Depletion of MyoGEF or CSPP affected the distribution of active RhoA during cytokinesis. (A) U2OS cells treated with siRNAs as indicated were fixed with TCA and subjected to immunofluorescence with an antibody specific for RhoA (red). The nuclei were stained with DAPI (blue). Bar, 20 μm. (B) U2OS cells treated with siRNAs as indicated were subjected to immunoblot analysis with antibodies as indicated. (C) The immunoblot images in B were quantified using the NIH Image program. (D) Depletion of MyoGEF interfered with YFP-ceRhoA distribution during cytokinesis. HeLa cells were transfected with a YFP-ceRhoA–expressing plasmid and control siRNA (a–d) or siMyoGEF (e–h). Forty-eight hours after transfection, the transfected cells were fixed with 4% paraformaldehyde and stained with an antibody specific for β-tubulin (red). The nuclei were stained with DAPI (blue).
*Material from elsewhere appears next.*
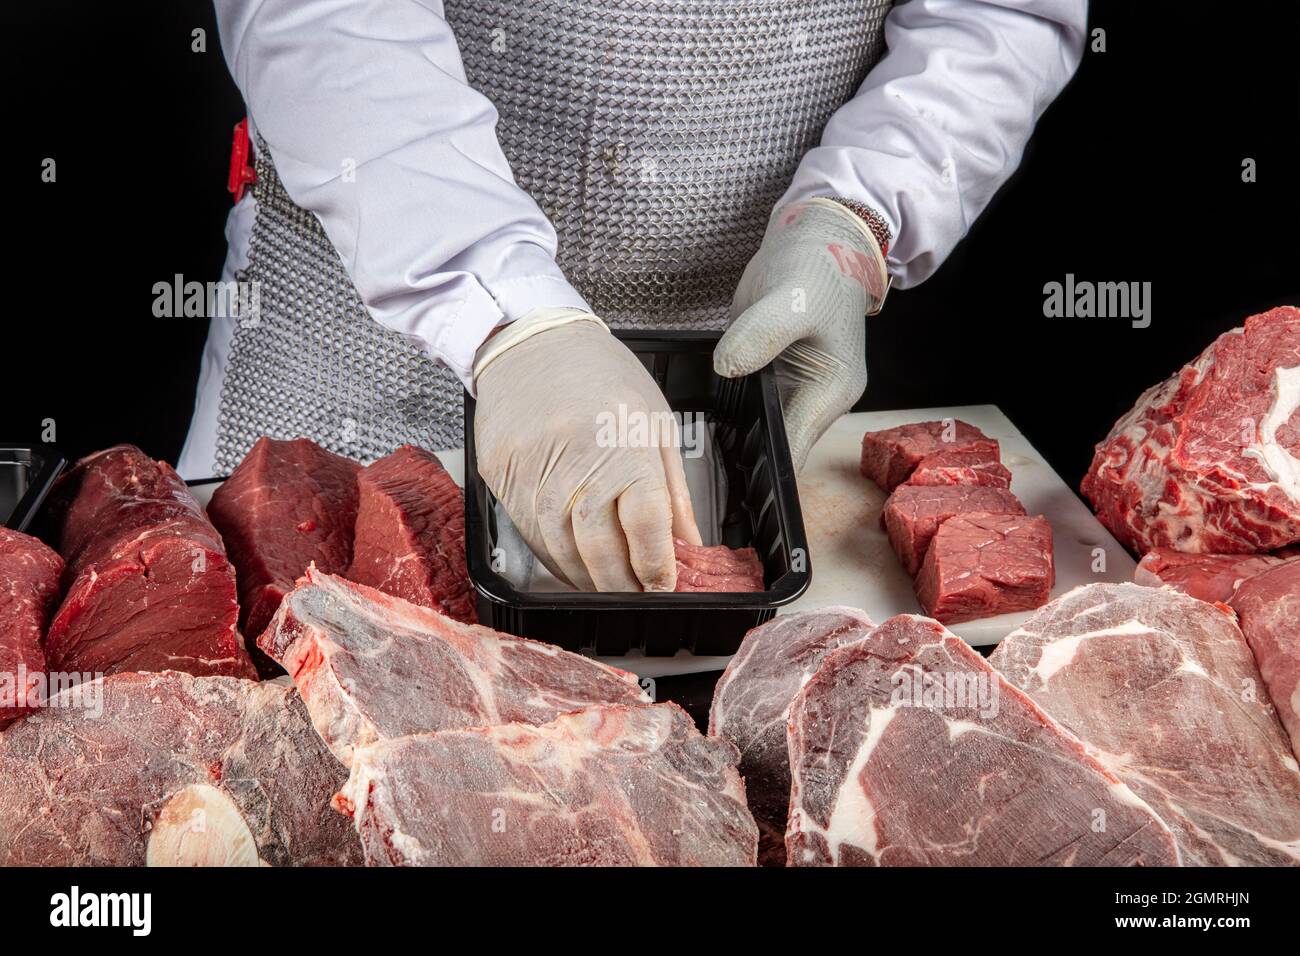 Carnicero cortando carne. Chef en guantes de látex blanco sosteniendo  trozos de carne cruda sobre una tabla de corte de poliuretano blanco, sobre  un fondo oscuro Fotografía de stock - Alamy

Bar, 20 μm.

Figure 8.

Depletion of MyoGEF affected ECT2 localization at the central spindle. (A) GST-tagged MyoGEF fragments (indicated by asterisks). (B) The GST pulldown assay using GST-tagged MyoGEF fragments and in vitro–translated Myc-ECT2. (C) HeLa cells were transfected with plasmids encoding GFP-MyoGEF and Myc-ECT2. At 0 or 12 h after release from thymidine block, the transfected cells were subjected to coimmunoprecipitation with anti-Myc antibody, followed by immunoblot analysis with antibodies as indicated. (D) Colocalization of endogenous MyoGEF and Myc-ECT2 to the midbody. (E) HeLa cells were treated with control siRNA (siCont; a–d) or MyoGEF siRNA (siMyoGEF; e–l). Seventy-two hours after transfection, the transfected cells were processed for immunofluorescence with antibodies specific for β-tubulin (red) and ECT2 (green). The chromosomes were stained with DAPI (blue). Note that cells in D were fixed with methanol/acetone (1:1), whereas cells in E were fixed with 4% paraformaldehyde. Bar, 20 μm.